Interesting task, you've got as a homework. I am a beginner programmer to, and I've tried to resolve this task.

The following code is working (I haven't tested a lot, apparently is working). I am sure it's not the optimal&best solution, but was the only thing I've could come up with. It should work with any base. Unfortunately it won't convert 10->A, 11->B, etc.:

#include <stdio.h>
#include <stdlib.h>
#include <math.h>

int main(){
        int nr,base,res,tp,tpb,tpbt,r,rnr,lp,lpt,i;
        float baset,rt;

        /** Read number */
        printf("nr=");
        scanf("%d",&nr);

        /** Read base */
        printf("base=");
        scanf("%d",&base);

        /** Returning result */
        res=0;

        /** Test if number is positive
        and base is bigger than 2 */
        if(nr<0||base<2){
                /** Error */
                res=1;
        }
        else{
                /** Determine how many
                digits are necessary */
                lp=0;
                baset=base;
                while(baset>1){
                        lp++;
                        baset/=10;
                }

                /** Determine full power
                of 10 when r has length of lp */
                tpb=1;
                while((lp--)>0){
                        tpb*=10;
                }

                /** Power of ten that will be
                incremented */
                tp=0;

                /** Converted number (will be printed
                as the result) */
                rnr=0;

                /** Algorithm */
                while(nr>0){
                        r=nr%base;
                        nr/=base;
                        rt=r;

                        /** Temporary lp for
                        r */
                        lpt=0;
                        while(rt>1){
                                lpt++;
                                rt/=10;
                        }

                        /** Temporary tpb for
                        lpt */
                        tpbt=tpb;
                        for(i=0;i<lpt;i++){
                                tpbt/=10;
                        }

                        /** Build number */
                        rnr+=r*pow((double)(tpbt),(double)(tp++));
                }
        }

        /** Show number */
        printf("number is: %d \n",rnr);

        return (res);
}

Based on what was suggested, the way to tackle this was to keep print the last number and repeat the loop for every digit.
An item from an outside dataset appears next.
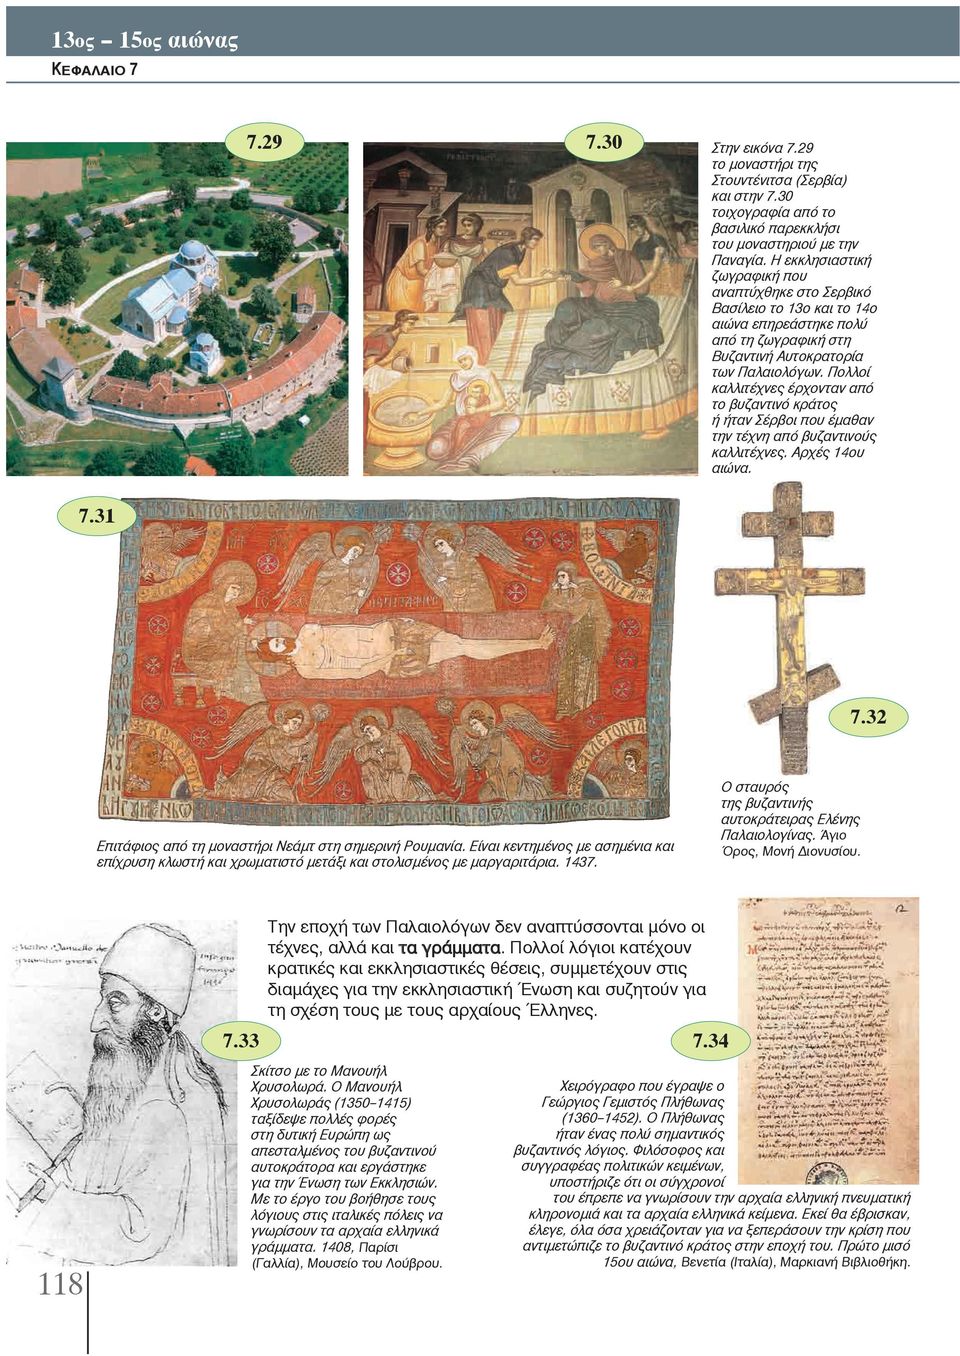 Πολλοί καλλιτέχνες έρχονταν από το βυζαντινό κράτος ή ήταν Σέρβοι που έμαθαν την τέχνη από βυζαντινούς καλλιτέχνες. Αρχές 14ου αιώνα. 7.31 7.

I kept track of the print condition by saving the previous quotient and printing when I got to it every time (then reseting the number and starting over), then reset it to the one before. Sounds complicated, but the change to the code was simple. My stop condition for the loop was when I had 2 consecutive prints, since most of the time it would just calculate quotient/remainder and print nothing, and when 2 digits print in a row, it's the last two. Anyway, here's the code:

#include <stdio.h>
#include <stdlib.h>
int main()
{
    int num, saved, base, remainder;
    int quotient, prev_q, stop_q, just_printed;

    printf("please enter a positive number to convert: ");
    scanf("%d", &num);
    printf("please enter the base to convert to: ");
    scanf("%d", &base);

    saved = num;
    remainder = quotient = prev_q = just_printed = 1;
    stop_q = 0;

    // validate input
    if (num <= 0 || base <= 0) {
        printf("Error - all numbers must be positive integers!\n");
        return 1;
    }

    // divide
    while (1) {
        remainder = num % base;
        quotient = num / base;
        num = quotient;

        // print if it's the last number and reset num to the next 
        if (quotient == stop_q) {
            if (remainder >= 10) { printf("%c", remainder + 55); } 
            else { printf("%d", remainder); }

            // if 2 consecutive printing occur, this means it's time to end this
            if (just_printed) { break; }

            // next time print when hitting the previous quotient
            stop_q = prev_q;

            // reset the number to the original value
            num = saved;


            just_printed = 1;
        } else {
            just_printed = 0;
        }
        prev_q = quotient;
    }   
    printf("\n");
    return 0;
}    

Thanks to everyone who pitched in!

We could use a recursive function to reverse the order of the digits of a number :

We'll need some mathematical functions from these libraries - stdlib.h and math.h

int reverse(int x)
{
    if(abs(x)<=9)
    {
        return x;
    }
    else
    {
        return reverse(x/10) + ((x%10)*(pow(10, (floor(log10(abs(x)))))));
    }
}

'If statement' is the base case for the recursive function.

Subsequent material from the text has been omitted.